Ebook and audiobook available on Libby.
As the story opens in 2083, Judy Wallach-Stevens is disturbed from a night of not sleeping well by an alarm announcing pollution in the bay near her. As Judy’s a water specialist for the local Chesapeake Watershed of the Dandelion Network – working to restore the Earth to health – she and her wife Carol, along with their nursing baby Dorrie call a van to take them to the site. But what awaits them is not a faulty sensor, but a spaceship with members of two symbiotic species. Their captain, Cytosine, introduces her babies Chlorophyll and Diamond to Dorrie, and says they’ve come to rescue humans from Earth, as they can tell that it will soon become uninhabitable.

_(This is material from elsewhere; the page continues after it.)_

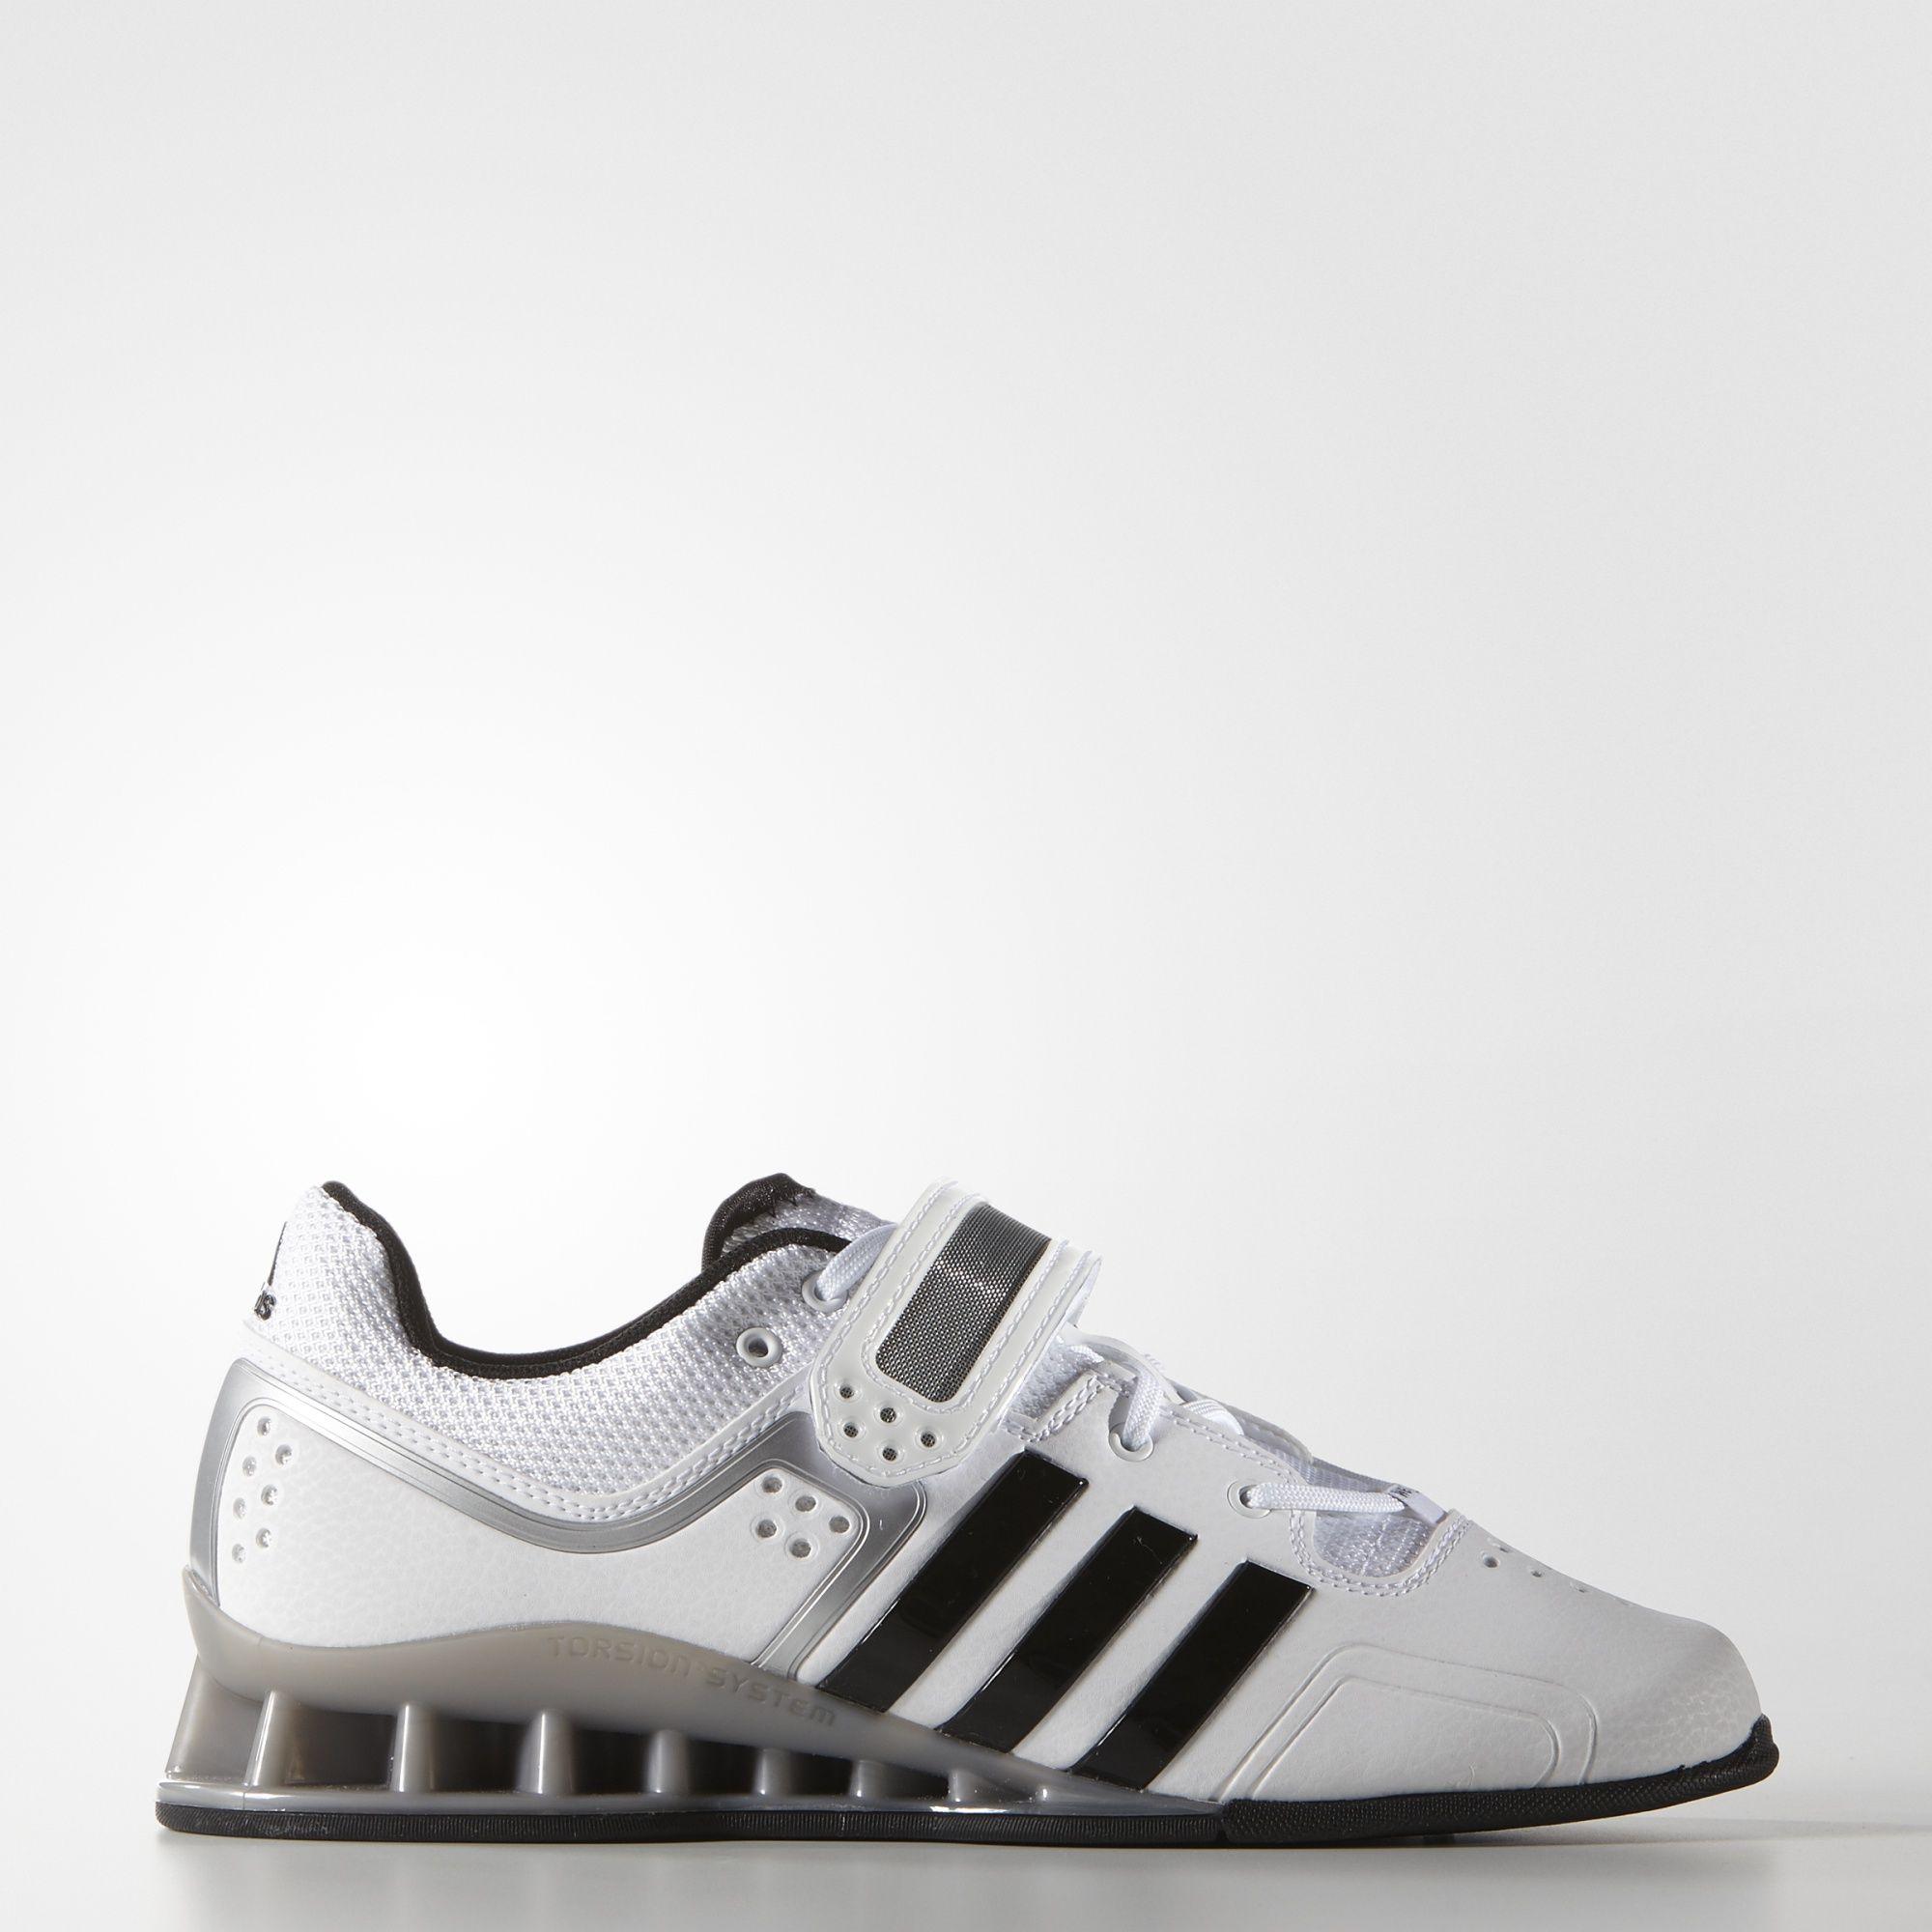 Adidas Weightlifting Logo - Adidas adiPower Weightlifting Shoes Core White Core Black Tech Grey

From here, more and more strands are introduced into the braid of the story. There’s the part where Cytosine only wants to talk to Judy rather than the Chesapeake’s diplomatic expert because only mothers with babies are important enough to talk to. NASA quickly finds an expert on maternity leave to send in to represent them, while the corporations, exiled to man-made islands off Australia, send in their own representatives. There are of course many different attitudes to conservation and space travel, but also a strong thread of looking at different possibilities around gender expression, as each culture in the book has their own very different customs. Relationships are built, strained, examined. All of this considering the possibility of leaving Earth is grounded – literally – in the rhythms of Judy and Carol’s household’s garden and the Jewish year, as well as the realities of life with babies. Even though the circumstances are dire, it’s filled with love and hope. I couldn’t stop talking about it for at least a month afterwards (which is saying something as Cybils season started immediately afterwards), and it was so rich that I’m sure I’ll go back to it again.
This could pair well with The Long Way to a Small, Angry Planet by Becky Chambers and the 2016 movie Arrival.